(Source records)
##########
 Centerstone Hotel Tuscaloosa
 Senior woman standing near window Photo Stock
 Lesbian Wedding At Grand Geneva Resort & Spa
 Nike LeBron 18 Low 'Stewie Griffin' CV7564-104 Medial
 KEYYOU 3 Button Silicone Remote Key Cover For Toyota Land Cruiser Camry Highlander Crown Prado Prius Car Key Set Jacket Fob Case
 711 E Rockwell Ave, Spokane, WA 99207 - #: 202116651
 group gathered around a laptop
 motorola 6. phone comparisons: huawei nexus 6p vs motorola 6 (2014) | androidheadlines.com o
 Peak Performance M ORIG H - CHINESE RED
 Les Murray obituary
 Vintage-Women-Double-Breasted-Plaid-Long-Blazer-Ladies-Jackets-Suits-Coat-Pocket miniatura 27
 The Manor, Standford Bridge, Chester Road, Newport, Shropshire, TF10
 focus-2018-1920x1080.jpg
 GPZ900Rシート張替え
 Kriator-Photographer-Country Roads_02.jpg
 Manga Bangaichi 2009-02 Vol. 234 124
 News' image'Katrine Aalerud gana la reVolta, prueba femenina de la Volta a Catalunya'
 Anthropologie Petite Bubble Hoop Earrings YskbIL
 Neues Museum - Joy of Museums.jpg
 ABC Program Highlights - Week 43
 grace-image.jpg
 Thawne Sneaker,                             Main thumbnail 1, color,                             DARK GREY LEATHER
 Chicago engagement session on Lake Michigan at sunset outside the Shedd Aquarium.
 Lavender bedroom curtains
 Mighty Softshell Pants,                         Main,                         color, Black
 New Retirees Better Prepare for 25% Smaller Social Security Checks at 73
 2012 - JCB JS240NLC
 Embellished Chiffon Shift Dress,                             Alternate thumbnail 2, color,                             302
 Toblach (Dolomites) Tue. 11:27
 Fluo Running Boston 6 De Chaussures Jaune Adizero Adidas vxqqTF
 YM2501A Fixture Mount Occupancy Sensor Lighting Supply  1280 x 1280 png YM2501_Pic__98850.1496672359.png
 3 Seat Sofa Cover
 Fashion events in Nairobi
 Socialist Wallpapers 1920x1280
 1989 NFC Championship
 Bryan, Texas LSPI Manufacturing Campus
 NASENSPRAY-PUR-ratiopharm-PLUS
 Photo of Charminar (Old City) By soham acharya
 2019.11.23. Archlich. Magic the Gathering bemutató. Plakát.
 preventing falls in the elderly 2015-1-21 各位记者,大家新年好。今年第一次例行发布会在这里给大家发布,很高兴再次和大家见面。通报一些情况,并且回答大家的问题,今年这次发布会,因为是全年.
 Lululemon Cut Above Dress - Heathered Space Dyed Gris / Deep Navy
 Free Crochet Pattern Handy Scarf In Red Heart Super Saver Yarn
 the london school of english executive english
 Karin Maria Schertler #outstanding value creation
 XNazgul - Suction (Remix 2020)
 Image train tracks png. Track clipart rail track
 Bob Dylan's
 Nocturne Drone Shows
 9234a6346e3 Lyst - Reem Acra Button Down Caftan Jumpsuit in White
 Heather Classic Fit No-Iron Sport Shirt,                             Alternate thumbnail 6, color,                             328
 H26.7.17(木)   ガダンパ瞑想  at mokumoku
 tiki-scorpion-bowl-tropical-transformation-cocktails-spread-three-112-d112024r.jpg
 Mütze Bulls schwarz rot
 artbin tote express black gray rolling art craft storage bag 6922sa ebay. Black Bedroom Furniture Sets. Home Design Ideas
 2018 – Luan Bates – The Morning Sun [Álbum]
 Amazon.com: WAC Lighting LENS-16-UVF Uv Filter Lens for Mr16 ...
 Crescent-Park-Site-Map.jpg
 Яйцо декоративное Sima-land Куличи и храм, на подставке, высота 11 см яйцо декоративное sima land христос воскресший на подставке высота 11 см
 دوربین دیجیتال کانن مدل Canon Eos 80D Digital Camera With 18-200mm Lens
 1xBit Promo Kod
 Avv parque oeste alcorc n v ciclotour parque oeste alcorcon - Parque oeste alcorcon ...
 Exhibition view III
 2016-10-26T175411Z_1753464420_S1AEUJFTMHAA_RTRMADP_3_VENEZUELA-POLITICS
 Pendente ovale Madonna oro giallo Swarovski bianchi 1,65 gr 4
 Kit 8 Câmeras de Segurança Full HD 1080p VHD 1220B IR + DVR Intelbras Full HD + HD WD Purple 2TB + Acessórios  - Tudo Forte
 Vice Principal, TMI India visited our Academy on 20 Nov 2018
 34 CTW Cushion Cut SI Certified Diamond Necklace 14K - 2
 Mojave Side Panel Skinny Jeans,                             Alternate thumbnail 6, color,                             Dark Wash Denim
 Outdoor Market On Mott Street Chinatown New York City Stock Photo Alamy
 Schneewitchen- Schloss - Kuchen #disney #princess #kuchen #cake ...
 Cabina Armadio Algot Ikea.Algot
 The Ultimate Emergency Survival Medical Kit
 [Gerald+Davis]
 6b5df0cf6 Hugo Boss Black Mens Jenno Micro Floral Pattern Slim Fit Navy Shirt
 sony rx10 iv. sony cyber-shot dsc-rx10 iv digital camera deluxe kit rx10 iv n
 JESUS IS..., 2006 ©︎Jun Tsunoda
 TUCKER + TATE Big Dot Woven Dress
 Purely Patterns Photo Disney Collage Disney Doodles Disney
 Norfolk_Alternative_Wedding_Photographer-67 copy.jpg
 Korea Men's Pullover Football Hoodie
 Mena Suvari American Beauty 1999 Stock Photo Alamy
##########
From the records above, extract exactly and only the lines that begin at the line with "Manga Bangaichi 2009-02 Vol. 234 124" and stop after the line with "Bryan, Texas LSPI Manufacturing Campus".

* **Answer section**:
 Manga Bangaichi 2009-02 Vol. 234 124
 News' image'Katrine Aalerud gana la reVolta, prueba femenina de la Volta a Catalunya'
 Anthropologie Petite Bubble Hoop Earrings YskbIL
 Neues Museum - Joy of Museums.jpg
 ABC Program Highlights - Week 43
 grace-image.jpg
 Thawne Sneaker,                             Main thumbnail 1, color,                             DARK GREY LEATHER
 Chicago engagement session on Lake Michigan at sunset outside the Shedd Aquarium.
 Lavender bedroom curtains
 Mighty Softshell Pants,                         Main,                         color, Black
 New Retirees Better Prepare for 25% Smaller Social Security Checks at 73
 2012 - JCB JS240NLC
 Embellished Chiffon Shift Dress,                             Alternate thumbnail 2, color,                             302
 Toblach (Dolomites) Tue. 11:27
 Fluo Running Boston 6 De Chaussures Jaune Adizero Adidas vxqqTF
 YM2501A Fixture Mount Occupancy Sensor Lighting Supply  1280 x 1280 png YM2501_Pic__98850.1496672359.png
 3 Seat Sofa Cover
 Fashion events in Nairobi
 Socialist Wallpapers 1920x1280
 1989 NFC Championship
 Bryan, Texas LSPI Manufacturing Campus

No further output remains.